Friday, February 5, 2016

Assisted suicide should NOT be done by doctors

From today's Ottawa Citizen regarding Dr. Margaret Somerville's take on physician assisted dying:
"She said the harms and risks can be limited if government adopts these recommendations: 
  • To avoid the future “normalization” of physician-assisted dying, any new law must make it clear that it is an exception, should only be used as a last resort, and will be used rarely.
“If Canada had the same percentage of total deaths of deaths by (physician-assisted dying) as the Netherlands and Belgium currently have (about 4 per cent and 4.6 per cent, respectively) we would have between 11,000 and 12,000 deaths each year.” 
  • Patients requesting such a death must first be offered high-quality palliative care, including fully adequate pain management.
  • A new profession should be established to carry out physician-assisted dying. The practitioners should not be health care professionals or, if so, only ones who have permanently retired from practice. Practitioners should be specially trained, licensed and have travel money provided to give people across Canada equal access to euthanasia.
“For nearly 2,500 years, physicians and the profession of medicine have recognized that assisted suicide and euthanasia are not medical treatment and this position should be maintained and these interventions kept out of medicine,” Somerville told the committee.
“If this approach is not adopted, two publicly available lists of physicians and institutions should be established, those which will provide euthanasia and those which will not. This is a reasonable compromise between Canadians who agree with euthanasia and those who oppose or fear it.” 

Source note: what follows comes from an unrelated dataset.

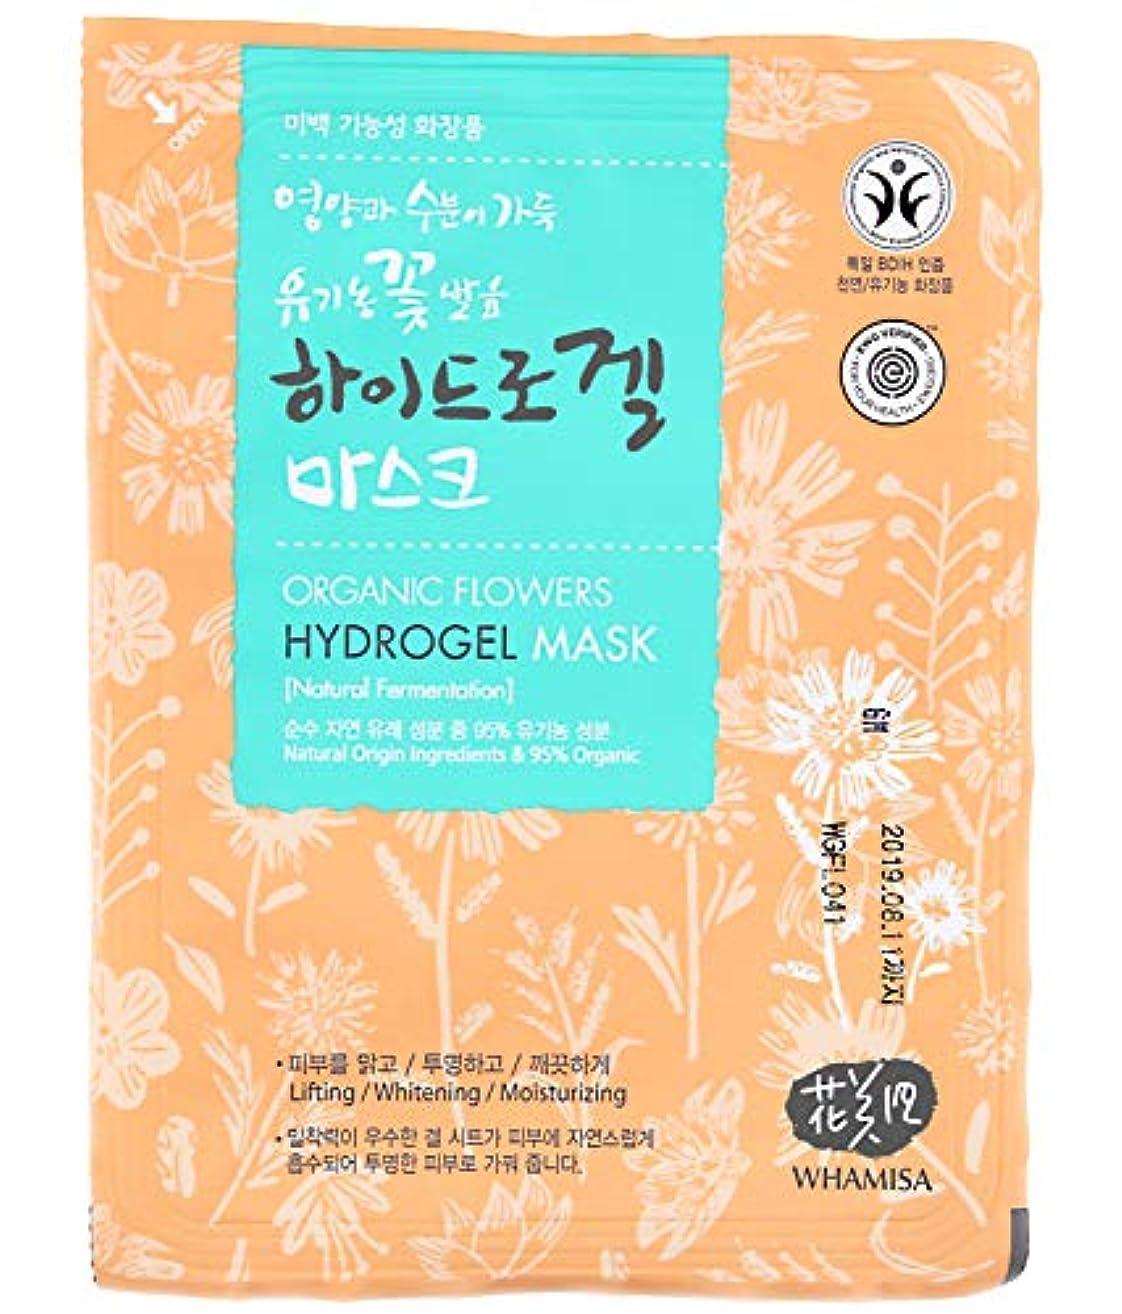 企業告白するスペースWhamisa あなたの健康のためにオーガニックフェイシャルマスク33グラム×1(花&アロエ発酵ヒドロゲル)/ EWG確認済み(TM)

  • Assisted death should be restricted to people who are terminally ill, with a life expectancy of less than four weeks, from a physical illness, disease or disability and experiencing extreme physical suffering.
It should not be allowed for children unable to consent for themselves. “Whether it should be available for ‘mature minors’ is a separate question.” 
  • There must be psychiatric consultation to rule out depression, or coercion, undue influence of others, or duress, “at the least where there is any possibility of these factors affecting the request or consent to it or any doubts about the person’s mental competency.”
  • A Superior Court judge should certify that all legal requirements for access to the procedure have been met.
  • There must be a minimum 15-day waiting after the patient’s request to die.
  • A national research and review body should be established to collect records of all cases, investigate where there might have been non-compliance with the law, and report, at least annually, in a way that does not breach individuals’ privacy, but informs Parliament, provincial legislatures, courts, professional licensing and disciplinary bodies, medical institutions, the public.
“This body should also be able to make recommendations for changes in law, regulations or practice when these are needed to prevent abuse of euthanasia or to protect vulnerable people.”"
I agree with Dr. Somerville especially about doctors not being the killers, and said so in this letter to the National Post in December 2014:
"Should Canada ever find itself in the sorry state wherein assisted suicide is legal, it should not be up to the doctors to perform this task. Doctors went into medicine to save lives, not to end them. Doctors are healers, not killers.
Instead, there should be a new “death technician” job for euthanasia and assisted suicide. These people would be technicians who are trained in killing people. They can’t be doctors, because obviously, it is a conflict of interest to be a doctor and also to end people’s lives. When we see one of these “death technicians” walking the halls of the hospital, there would be no mistake as to what their duties are.
When and if I am ever in the hospital knowing that my life is nearing its natural end, I want to make sure that my doctor — who has my life in his hands — would never ever willfully aid in my demise. Conversely if I see the death technician enter my room, there would be no doubt as to why he’s there."